Print the records below exactly, from the line containing "Thump West Geyser" down to the line containing "Samsung HW-D451, HW-D450", both lines included, and omit every picture.

[Opening Material provided section]

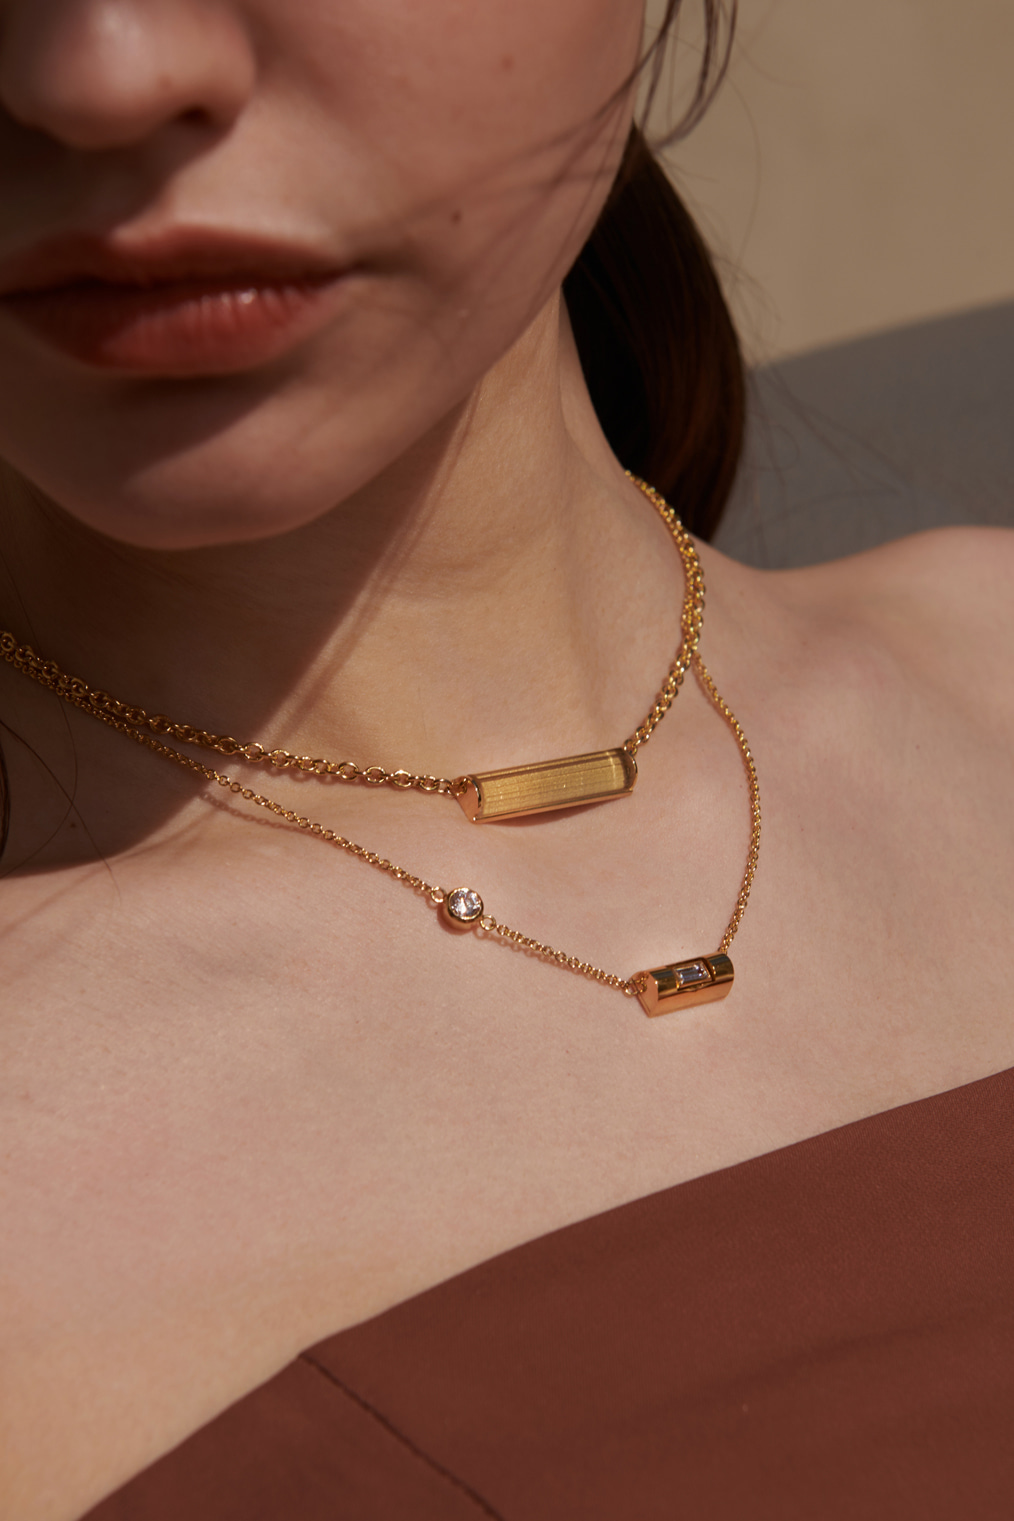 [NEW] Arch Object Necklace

[Closing Material provided section]
[Opening Material provided section]

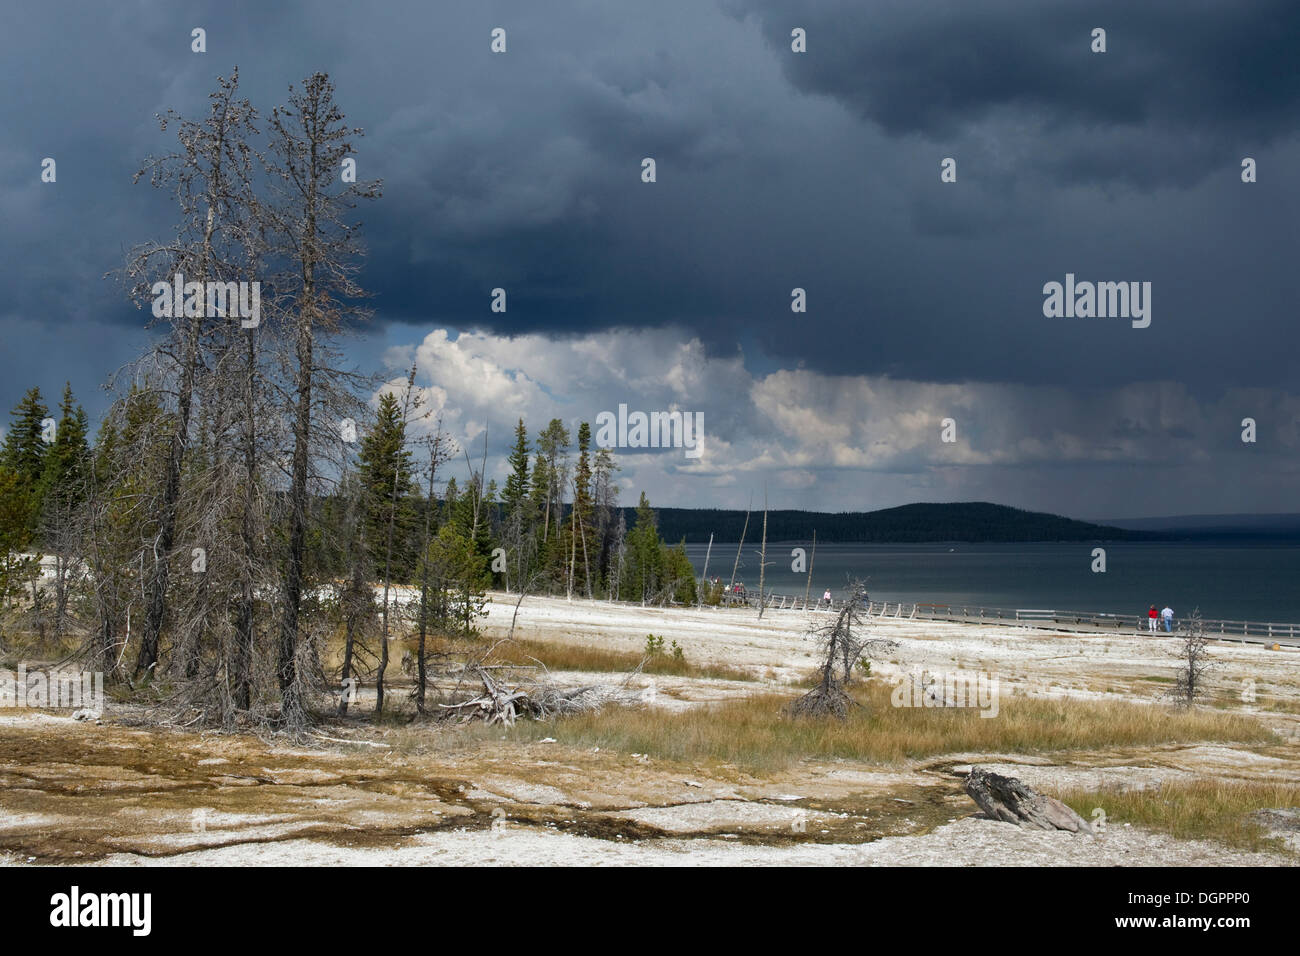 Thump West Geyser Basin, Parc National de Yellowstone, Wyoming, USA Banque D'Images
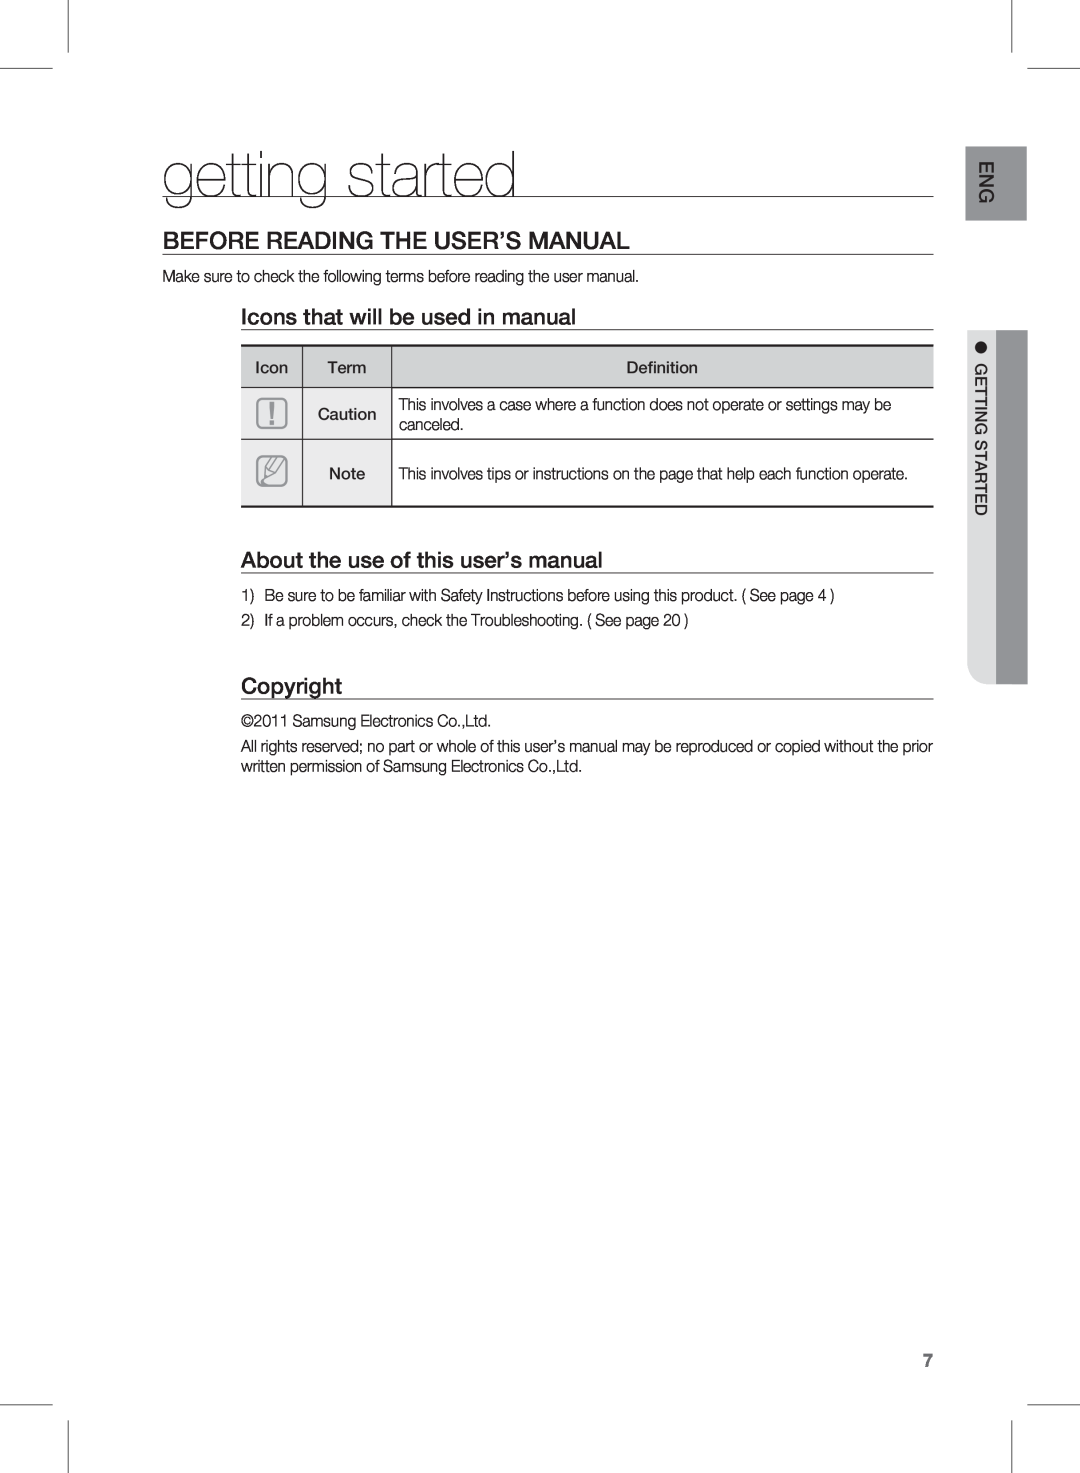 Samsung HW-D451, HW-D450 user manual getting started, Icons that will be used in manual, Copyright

[Closing Material provided section]
[Opening Material provided section]

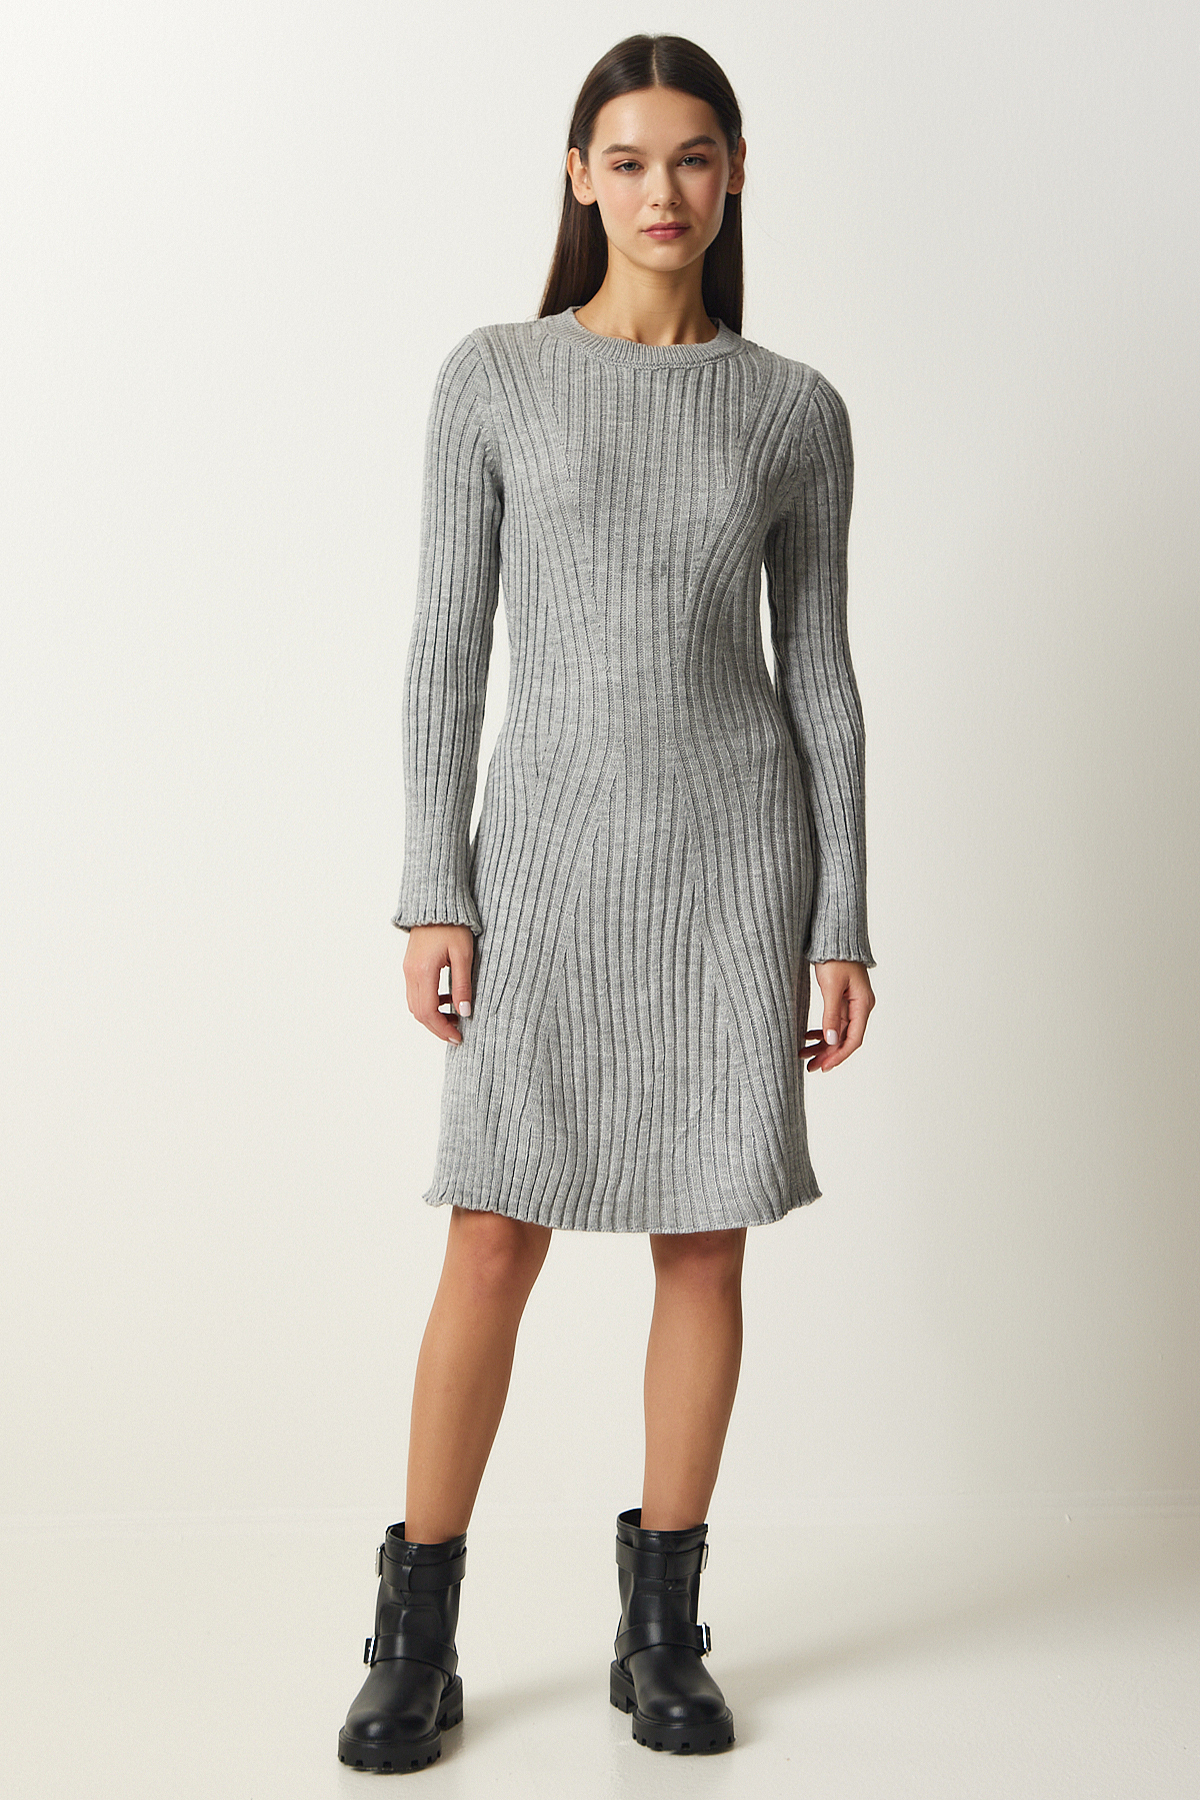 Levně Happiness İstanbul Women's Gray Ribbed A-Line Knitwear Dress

[Closing Material provided section]

§ Answer to this exercise:
 Thump West Geyser Basin, Parc National de Yellowstone, Wyoming, USA Banque D'Images
 Samsung HW-D451, HW-D450 user manual getting started, Icons that will be used in manual, Copyright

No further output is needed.